▸ **WHAT YOU HAVE TO DO**
Exactly the lines from the one with "jsgjmy Apple Watchバンド38" through the end of the data below must be set down, and no pictures with them.

*** Opening of DATA ***

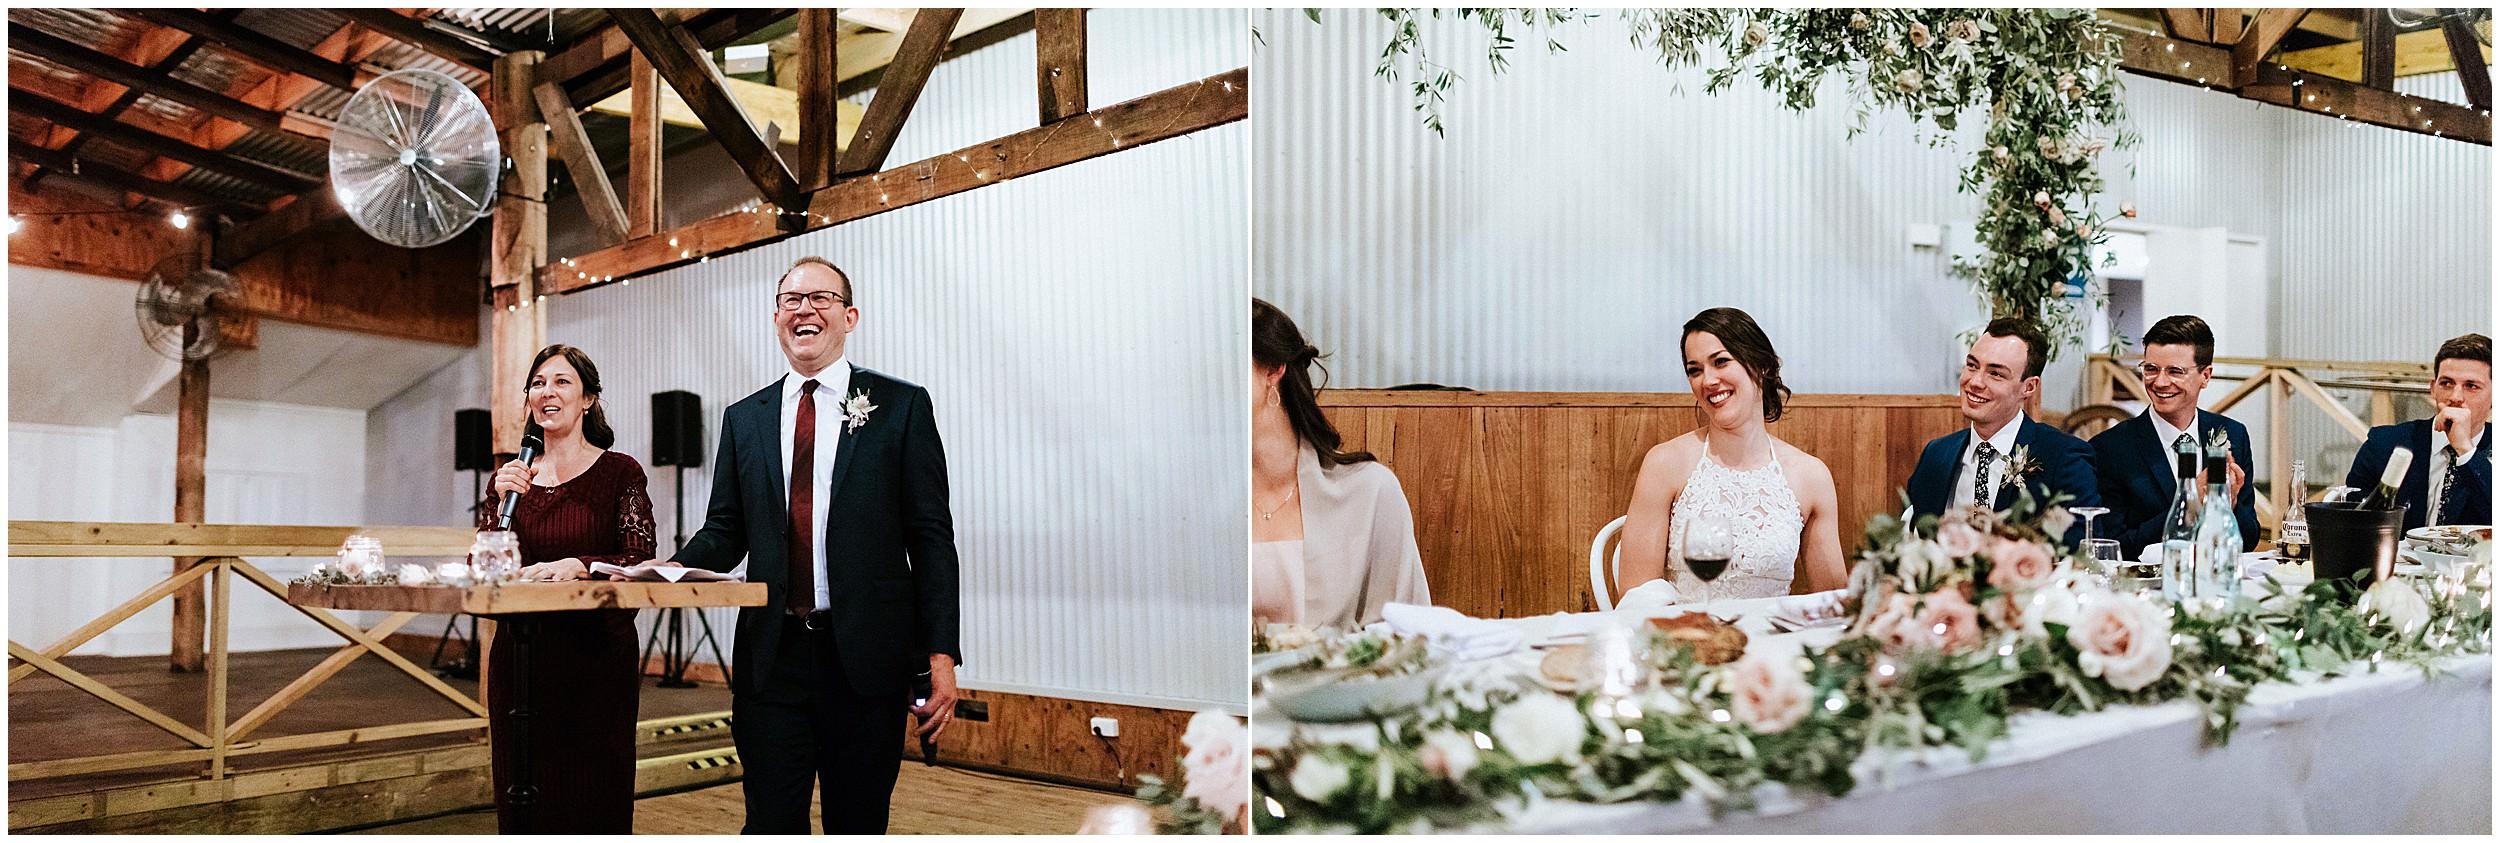 wedding_the_woolshed_steph_zac_0071.jpg
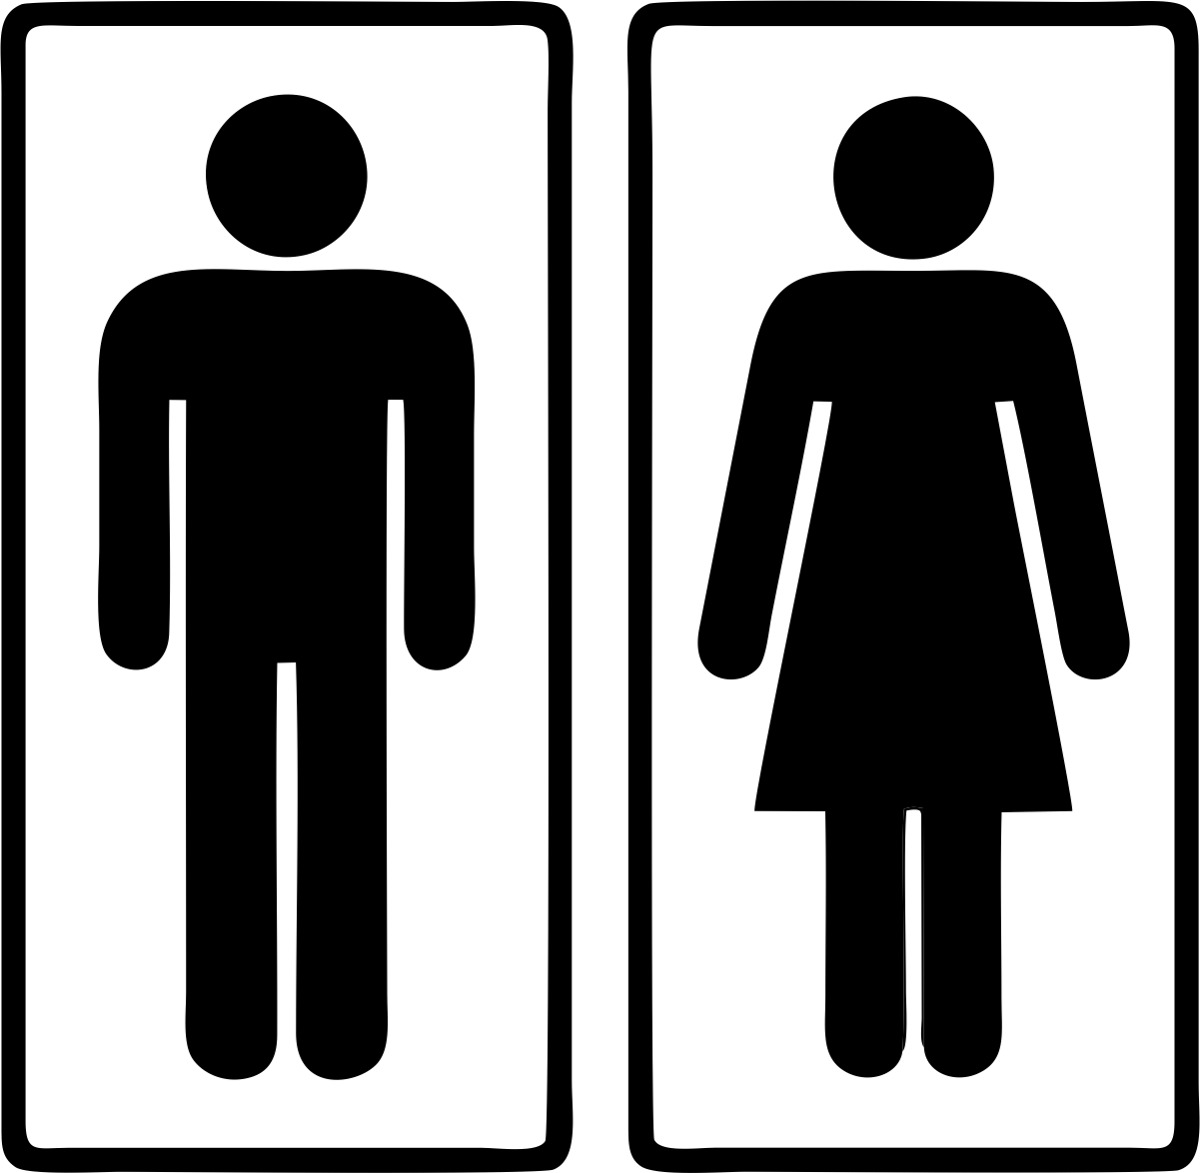 Imagens De Banheiro Para Colorir : Adesivo sinaliza??o banheiro masculino feminino r
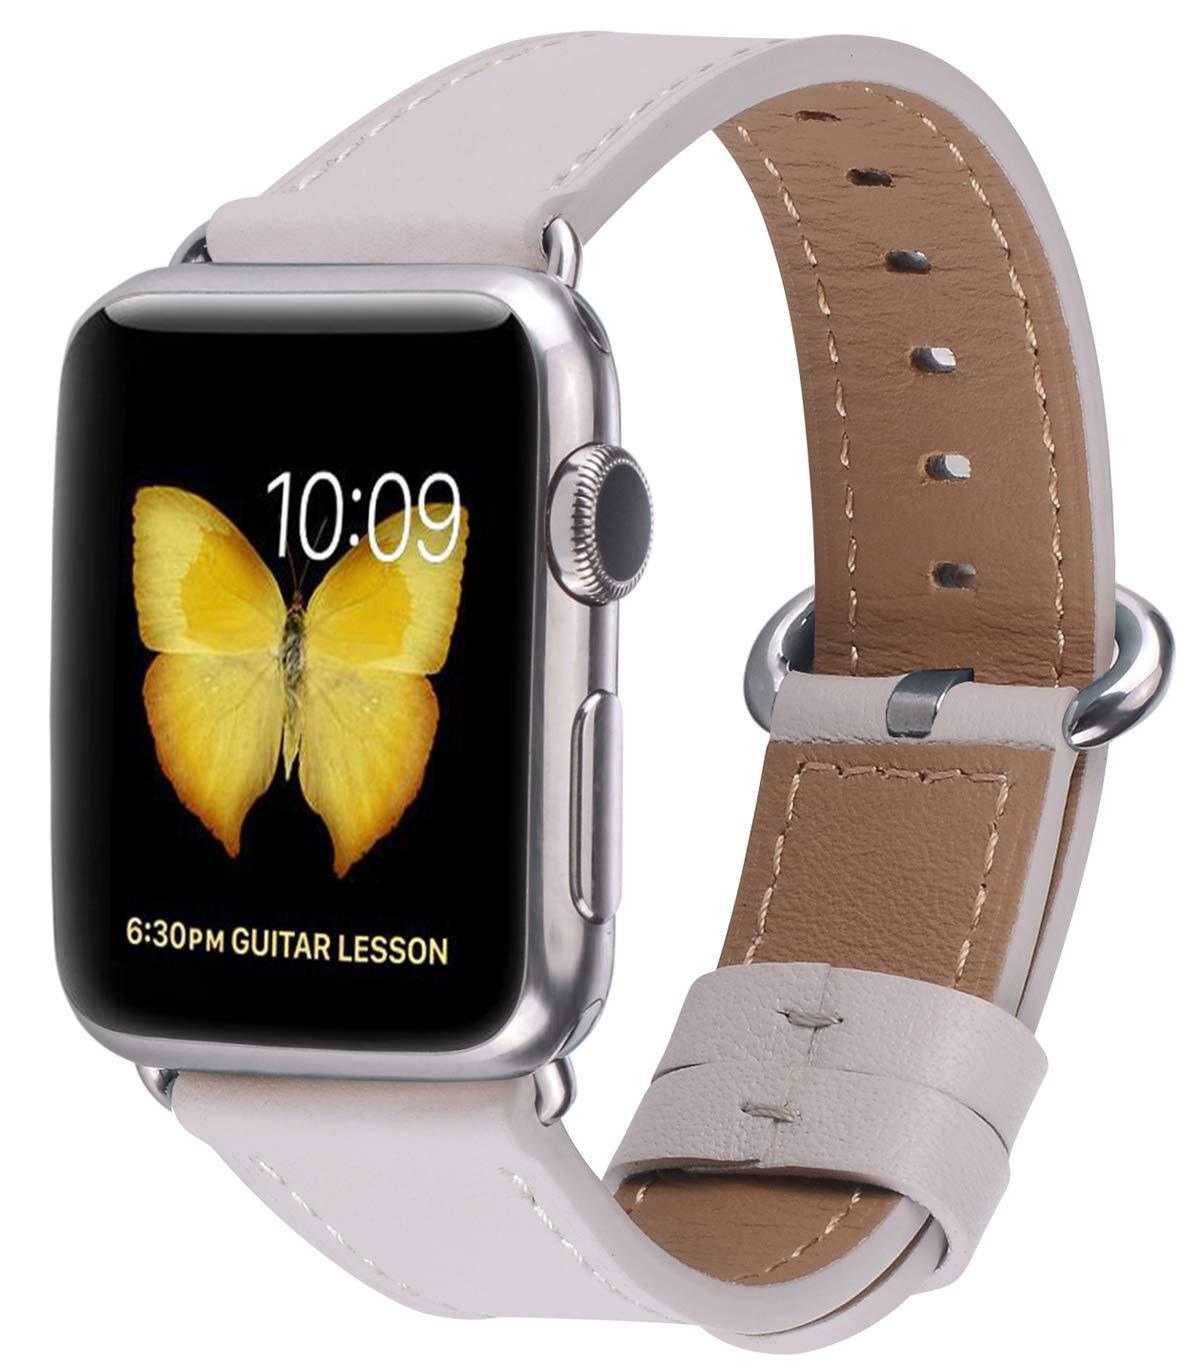 jsgjmy Apple Watchバンド38 mm 42 mmレディースメンズGenuineレザーループのiWatch Series 3 /シリーズ2 /シリーズ1 /Edition/スポーツ ストーン 38mm 40mm S/M
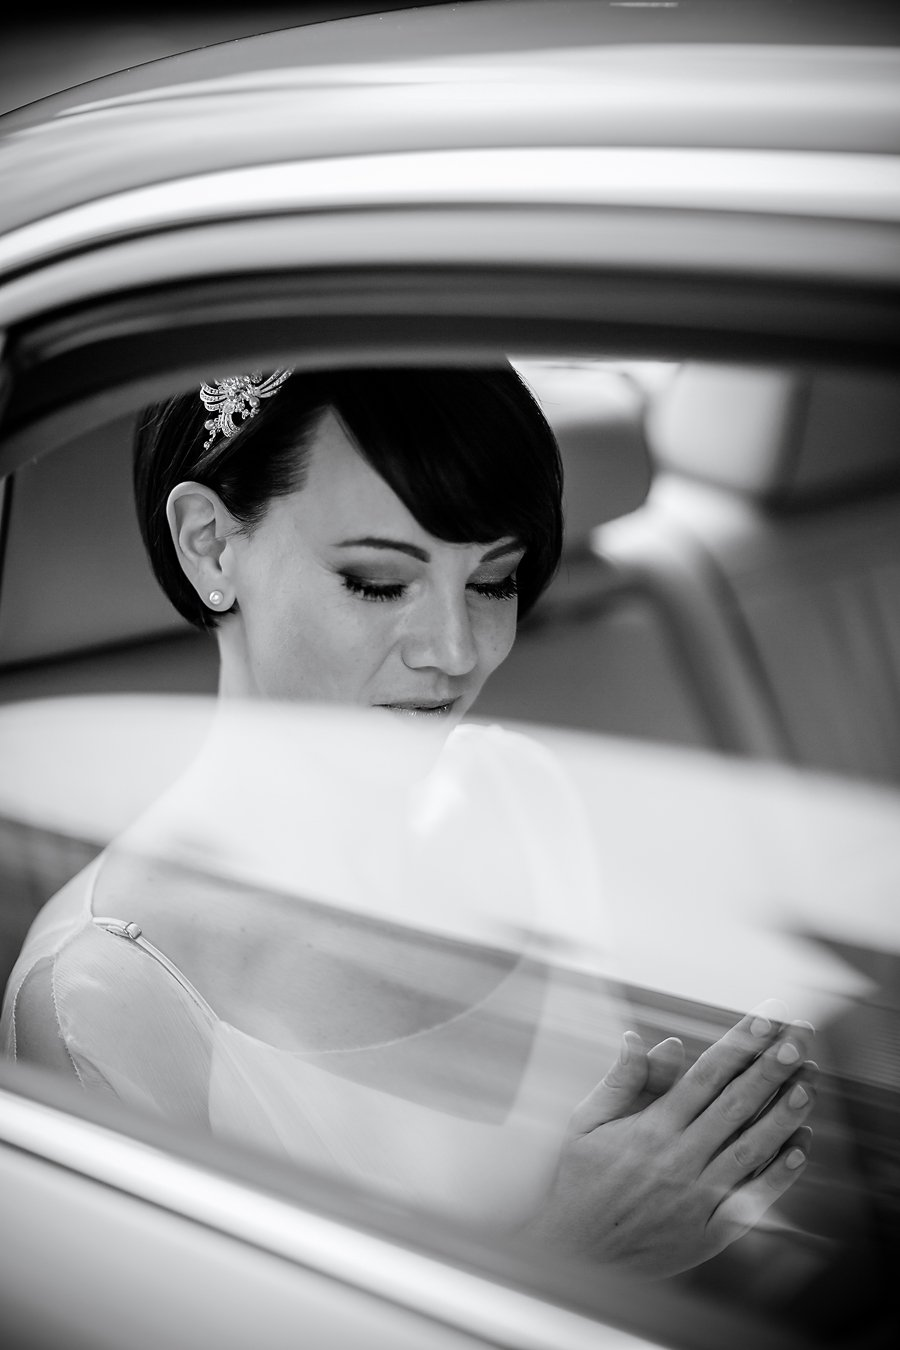 Hochzeitsfotograf Wiesbaden, Fotograf Frankfurt, Braut mit kurzem Haar

*** Close of DATA ***

▸ **ANSWER BOX**
 jsgjmy Apple Watchバンド38 mm 42 mmレディースメンズGenuineレザーループのiWatch Series 3 /シリーズ2 /シリーズ1 /Edition/スポーツ ストーン 38mm 40mm S/M
 Hochzeitsfotograf Wiesbaden, Fotograf Frankfurt, Braut mit kurzem Haar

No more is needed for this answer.